73% of People Can't Answer This Simple Money Question—Can You?


It's not always easy to stay on top of your finances, but according to aHarris Poll study, there's one money question that stumps the vast majority of millennials: What is your net worth? Researchers found that a whopping 73% of people ages 18 to 34 had no clue what assets they have versus what they owe—a total shock to money expert Stefanie O'Connell.

"[It's] kind of crazy when you consider that your net worth is the single most comprehensive metric for tracking your financial health," she says in a post on her site. Alexa von Tobel, founder and CEO of LearnVest, says it's an important stat to know, even if you don't consider yourself wealthy. "There's a net worth misconception. When people hear the term, they tend to picture billionaires, but in reality, it doesn't have to do with being wealthy—it has to do with tracking your financial health."

So what actually is net worth, how do you tally yours, and, most importantly, why does it actually matter? We tapped von Tobel to demystify this crucial money metric.

What Is Net Worth and Why Does It Matter?

Put simply, net worth is your total assets, minus liabilities. It is a simplified figure that offers a snapshot of your overall financial health. "Knowing your net worth is the big-picture number that can tell you where you stand financially," says von Tobel. "If you're tracking your net worth, you can see the progress you're making toward your financial goals. It can also serve as a warning if you're not meeting goals so you can then adjust and adapt your financial plans as needed. "

Alexa von Tobel Financially Fearless $18

How Do You Calculate It?

Follow this simple equation to figure out your net worth: assets - debt = net worth.

Assets include money in your bank accounts, investments, and the current value of any big-ticket items you own, such as a car and house. Debt includes student loans, car payments, credit card debt, and mortgages.

Here's how it works: If Ashley has $50,000 in savings and $20,000 in investments, her total assets equate to $70,000. If her debt totals $30,000, her net worth is $40,000.

How Does Yours Compare?

Now that you know your net worth, it's only natural to wonder how yours stacks up against others. Is there such thing as a good or bad net worth figure? "It's all relative, so what qualifies as a 'good' net worth for one person will be totally different for someone else," von Tobel clarifies. Just be clear about your goal. "The most important thing is to be aware of your current financial health and work toward a positive net worth."

If you're still paying off student debt, chances are your net worth will be a negative number—but don't be dismayed. "That isn't necessarily a bad thing, as long as you're making progress to work steadily to the black rather than accruing more debt," she says.

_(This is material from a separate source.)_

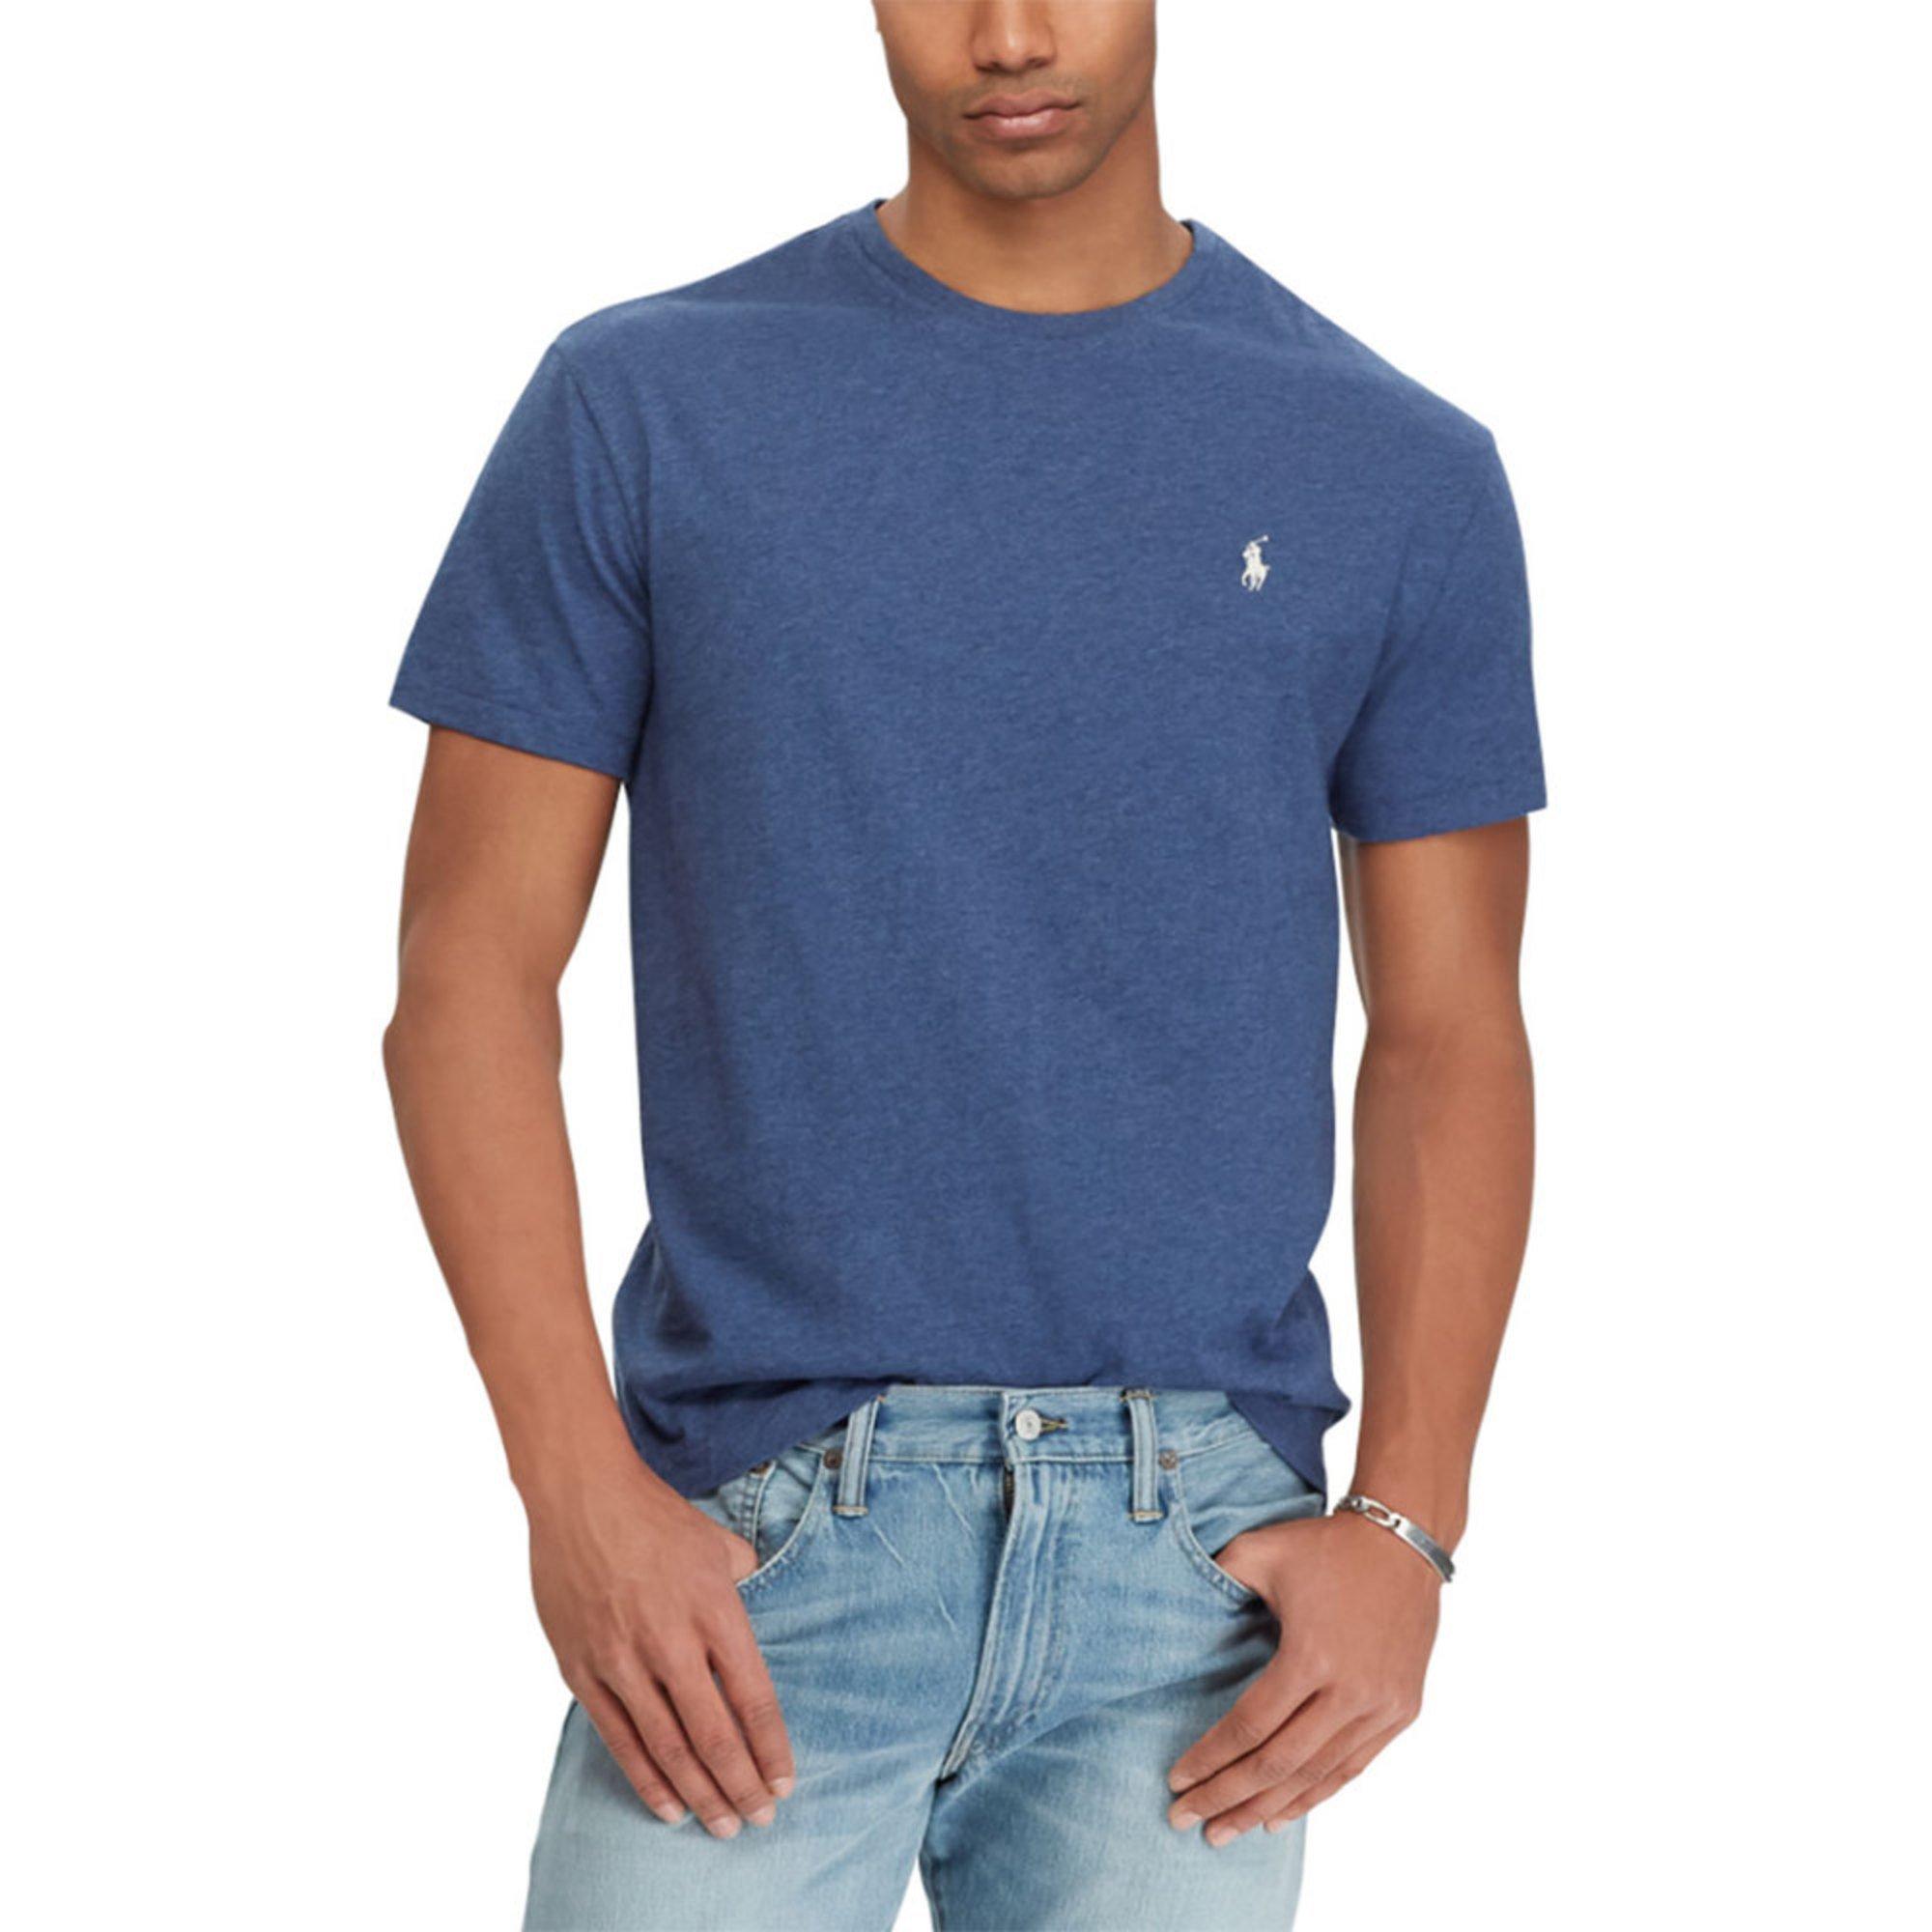 0713af9db7fc Polo Ralph Lauren. Polo Ralph Lauren Men s Short Sleeve Tee Crew Neck Pocket  ...

In the last two decades, the average student loan debt has risen by nearly $19,000, while average earnings are in decline, so negative net worth is becoming more common. 

Thankfully, managing net worth is a long-term game. "A general rule of thumb that everyone should strive for is to be debt-free by retirement," says von Tobel. What's important now is to know your financial stats and create a game plan to pay down debt and increase assets. 

What Can You Do to Change It?

If your debt outweighs assets, that's okay—as long as you start taking steps to close the gap. "The first step is to prioritize debt reduction over savings rather than thinking of it as an even 50/50 split," explains von Tobel.

The next step is to prioritize which debts to pay off first. Yes, apparently there is a debt hierarchy. "Let's say you have student loan debt and credit card debt. In general, your student loans have much lower interest rates than your credit cards, so it's important to work toward paying off your credit card debt first," she explains. "This doesn't just mean making the minimum monthly payments but living within your means to work toward paying off your credit card in full."

For many, she says this will involve scrutinizing your daily spending habits and reassessing your priorities. "Paying off debt should always come before your lifestyle choices. This means that each month you should make your debt payments before you think about spending money on anything that's not a necessity."

Finally, she says it's time to put a freeze on your credit card spending. "That may sound tough, but you can pick one of two options:

"1. A cash diet: Allow yourself to spend only a certain amount of cash every week. When you're out of that cash, you're done spending for the week.

"2. A debit diet: Use your debit card for all purchases, making sure you don't go over your weekly limit.'

No matter if your net worth is positive or negative, the most important thing is developing a clear financial plan and tracking your progress. With small, realistic steps and a shift in spending habits, it's possible to afford the life you want to live.